Journal of Archaeology in the Low Countries 4-1 (October 2012)Thijs Maarleveld; Alice Overmeer: Aanloop Molengat – Maritime archaeology and intermediate trade during the Thirty Years’ War1
3 The Aanloop Molengat cargo

3.13 Nails in barrels

The remains of five barrels have been found, solidly concreted and with indistinct contents. One of these was recovered in 1992. The cask has a height of 67 cm, a minimum diameter of 41 cm at top and bottom and a maximum diameter of 51 cm in the middle. The weight of the object is 302 kg. Staves, hoops, barrel lid and bottom are decayed, but the grain of the wood is still visible in the iron concretion. The cask was X-rayed and proved to be filled to the brim with square wrought-iron nails in a jumble (Stassen 1997).[10] Since entering the conservation lab, the block of nails has been used as a training and testing object for iron conservation and restoration. Many nails have been chipped off. All nails are straight, complete and unused. They vary considerably in length (6.3 to 13.7 cm, n=30) and cross-section (rectangular, 4 to 7 mm), but are clearly not scrap (fig. 42). Consequently, they are either cargo or spare parts (Blok forthcoming). If the other five barrels also contain nails, which is likely if we are dealing with cargo, the shipment would account for at least 1.5 tons. The lifted barrel does not seem to have been the largest.

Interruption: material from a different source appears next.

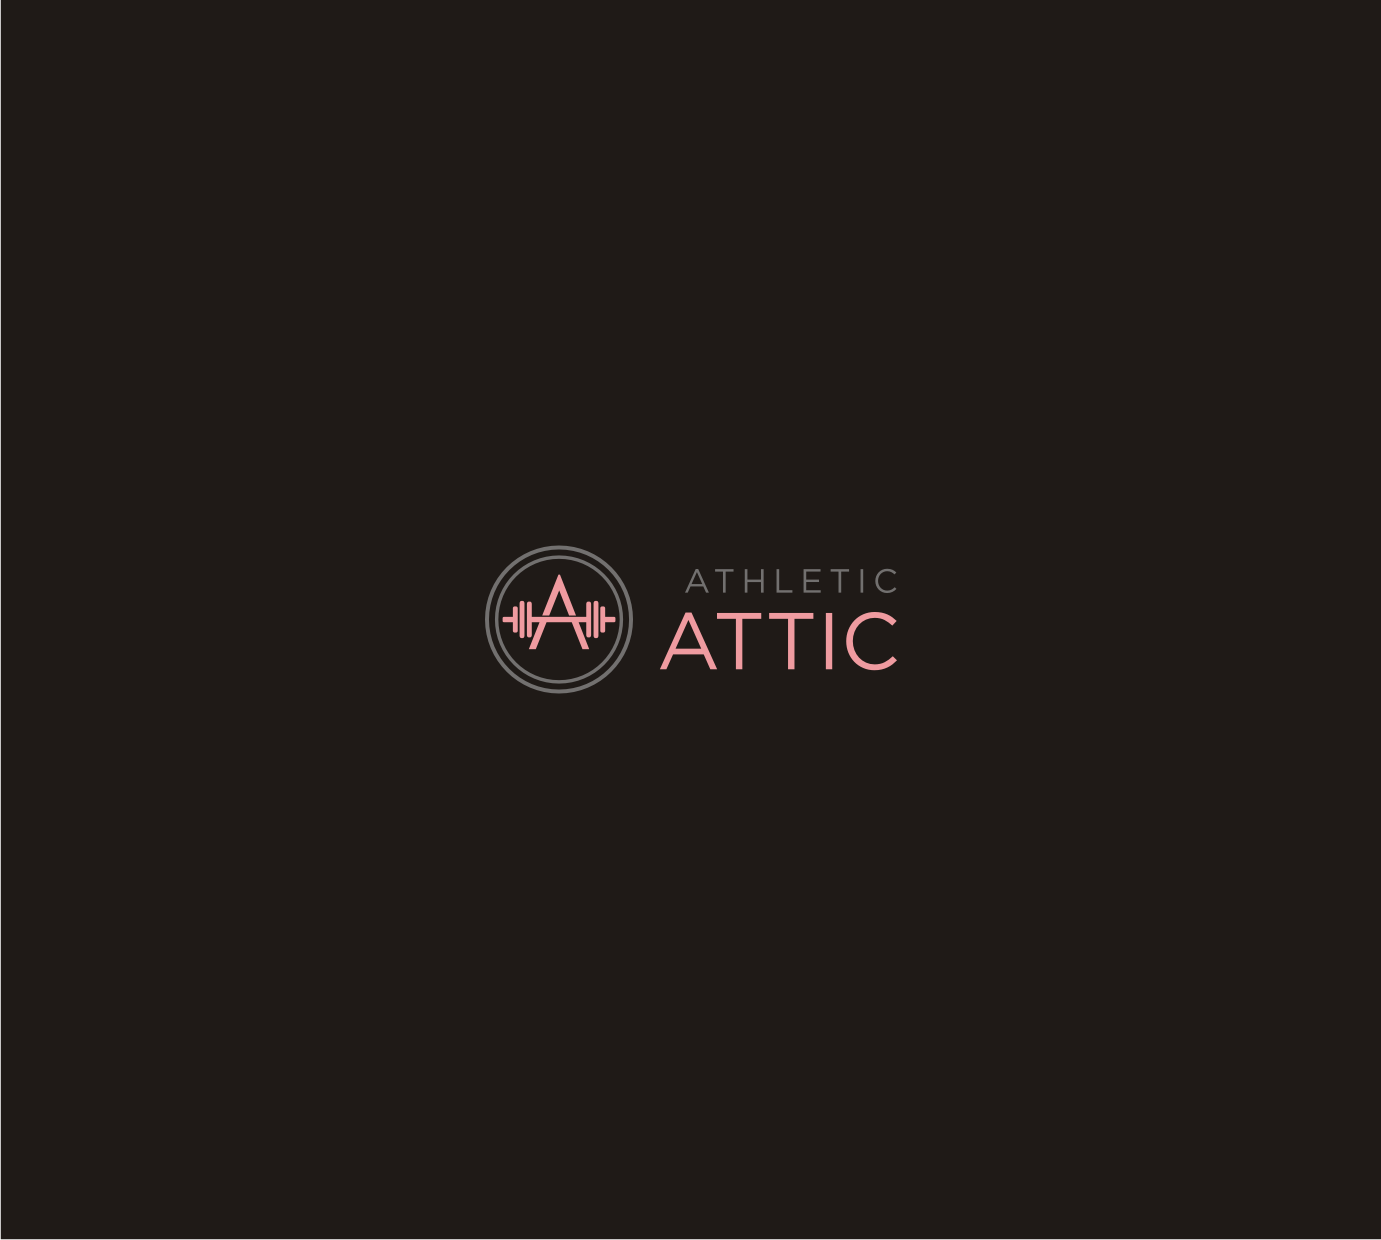 Logo Design by Sigitumarali Sigit - Entry No. 130 in the Logo Design Contest Fun Logo Design for Athletic Attic.

The 18th-century Dutch East India Company (VOC) is known to have ordered nails of various sizes from the forges in Liège. The nails were delivered in baskets and repacked into casks. The repacking was done in a careful radial pattern (Gawronski 1996, 281-282), very different from what we see here. Other wrecks in the Texel Roads, for instance Texelstroom IV (Kleij 1992a), have produced barrels of nails that were packed in the same jumble.

FIG2

Figure 42 Nails from barrel AM-106.1.2, of various lengths (photo: K. Blok (RCE)).